Return the listing below verbatim. Pictures do not belong in the copy.

-- Dataset content follows --

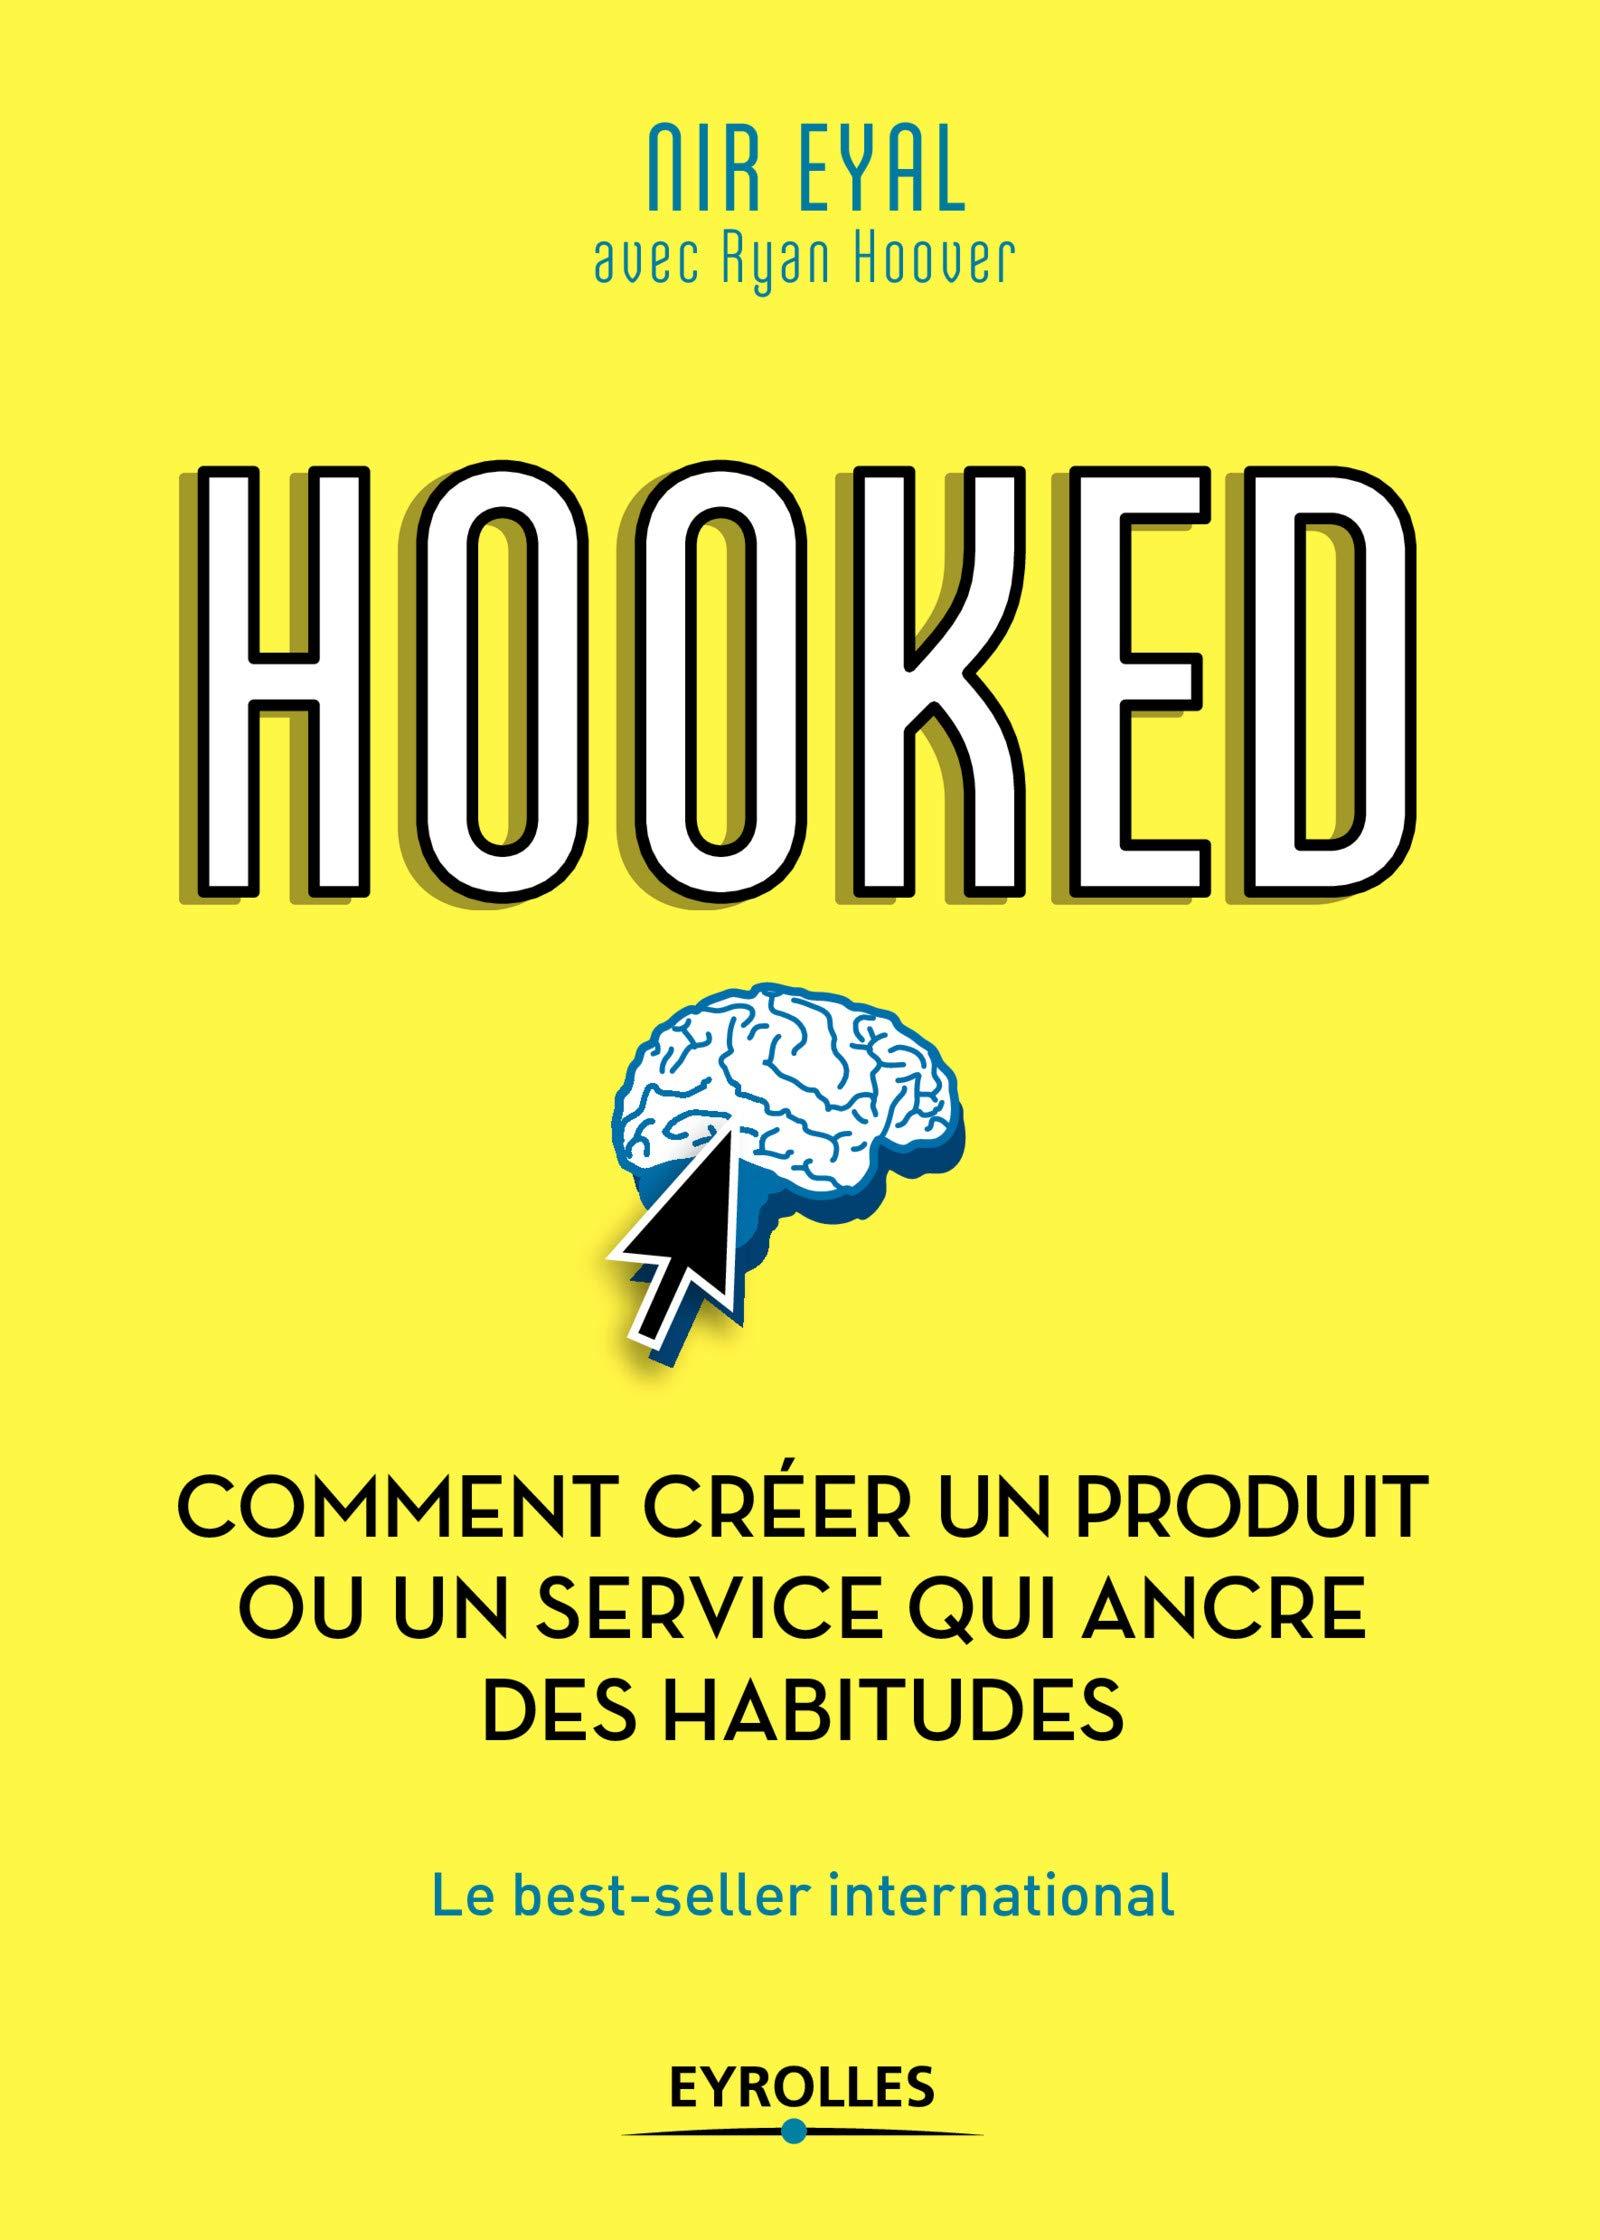 Livres de Neuromarketing - Hooked par Nir Eyal
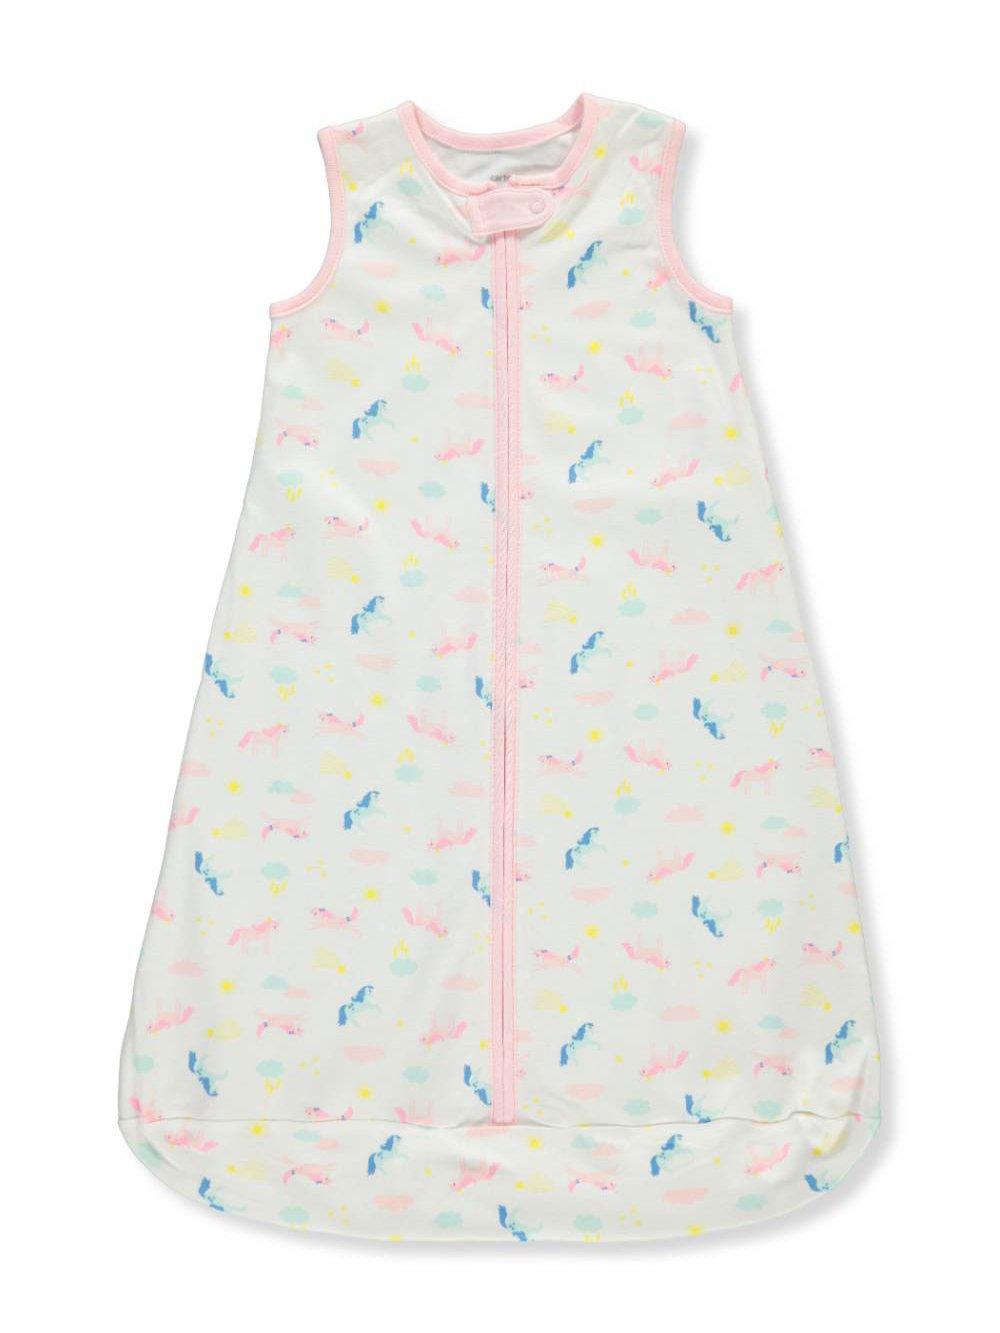 Cookie's Kids Carter's Baby Girls' Sleep Bag - White, 0-3 Months
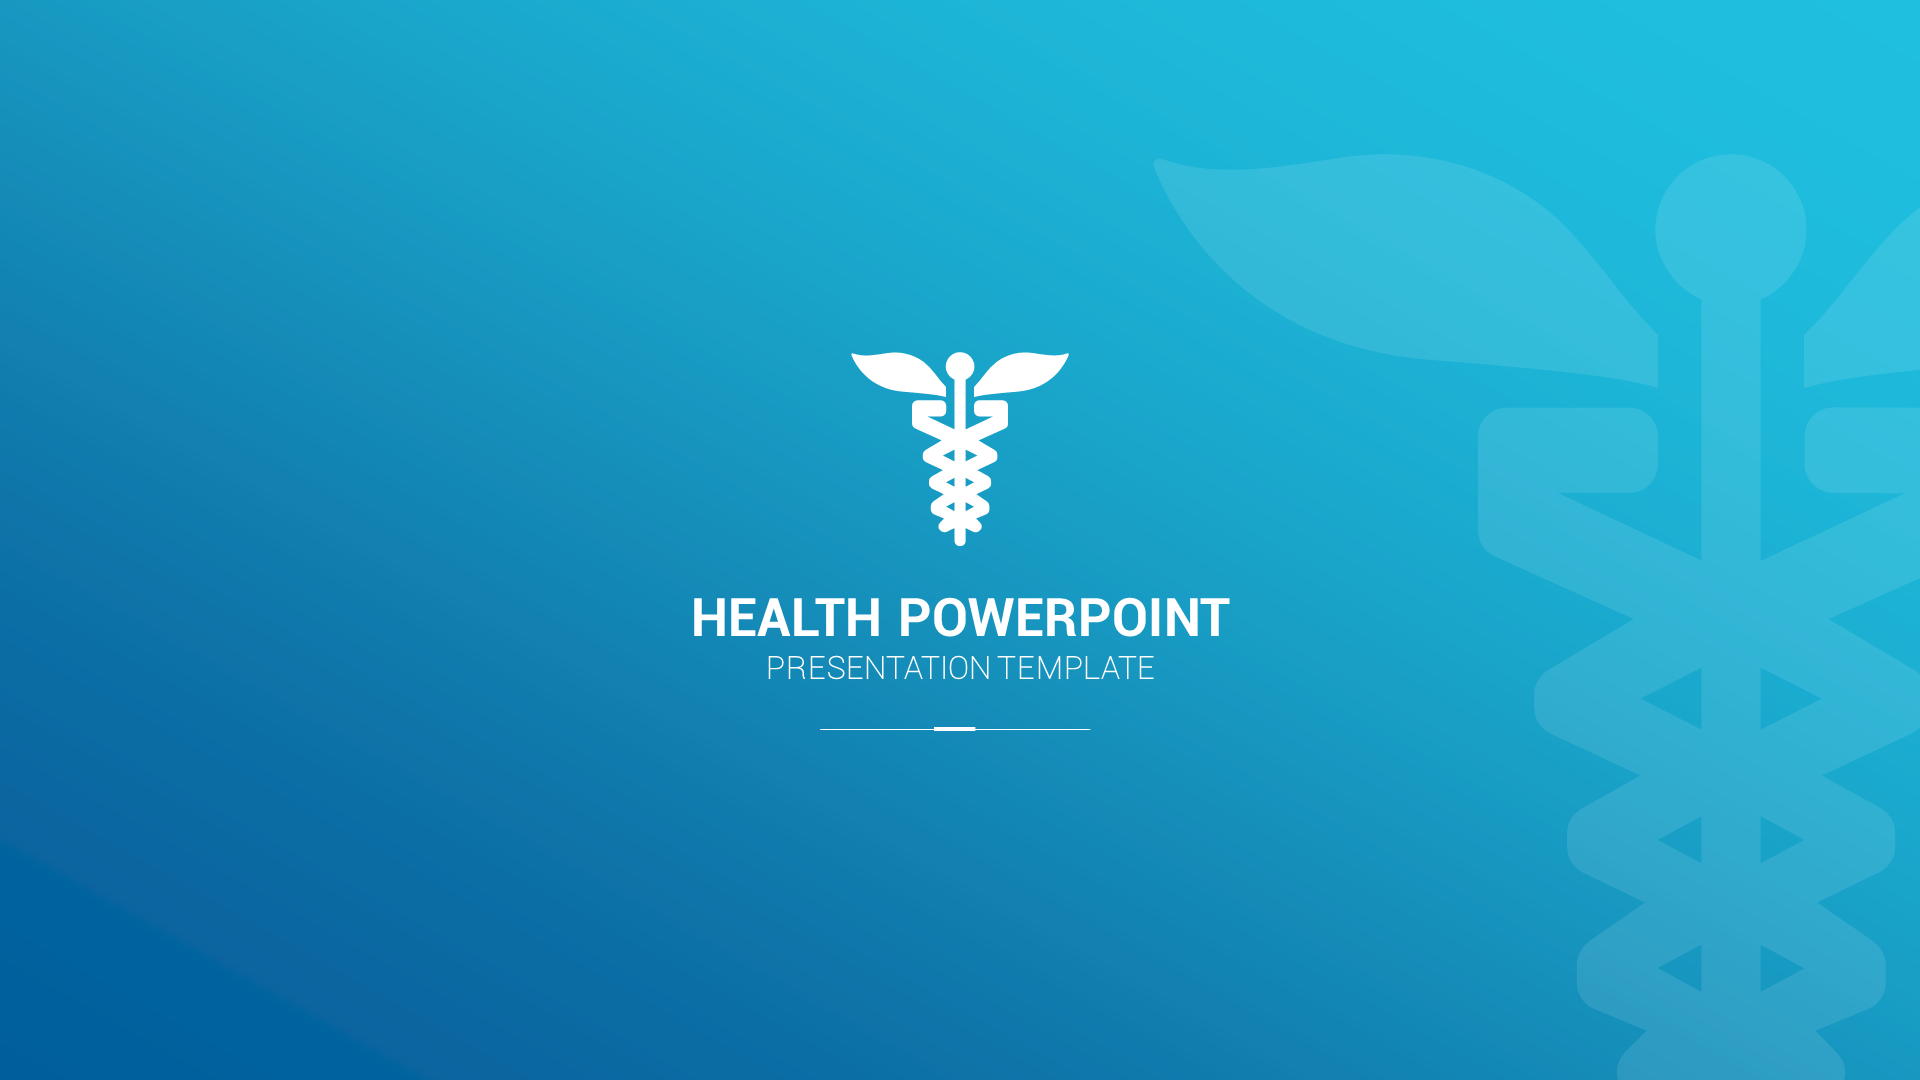 1. Health PowerPoint Presentation Template

-- Dataset content concluded --

Task output:
 Livres de Neuromarketing - Hooked par Nir Eyal
 Cookie's Kids Carter's Baby Girls' Sleep Bag - White, 0-3 Months
 1. Health PowerPoint Presentation Template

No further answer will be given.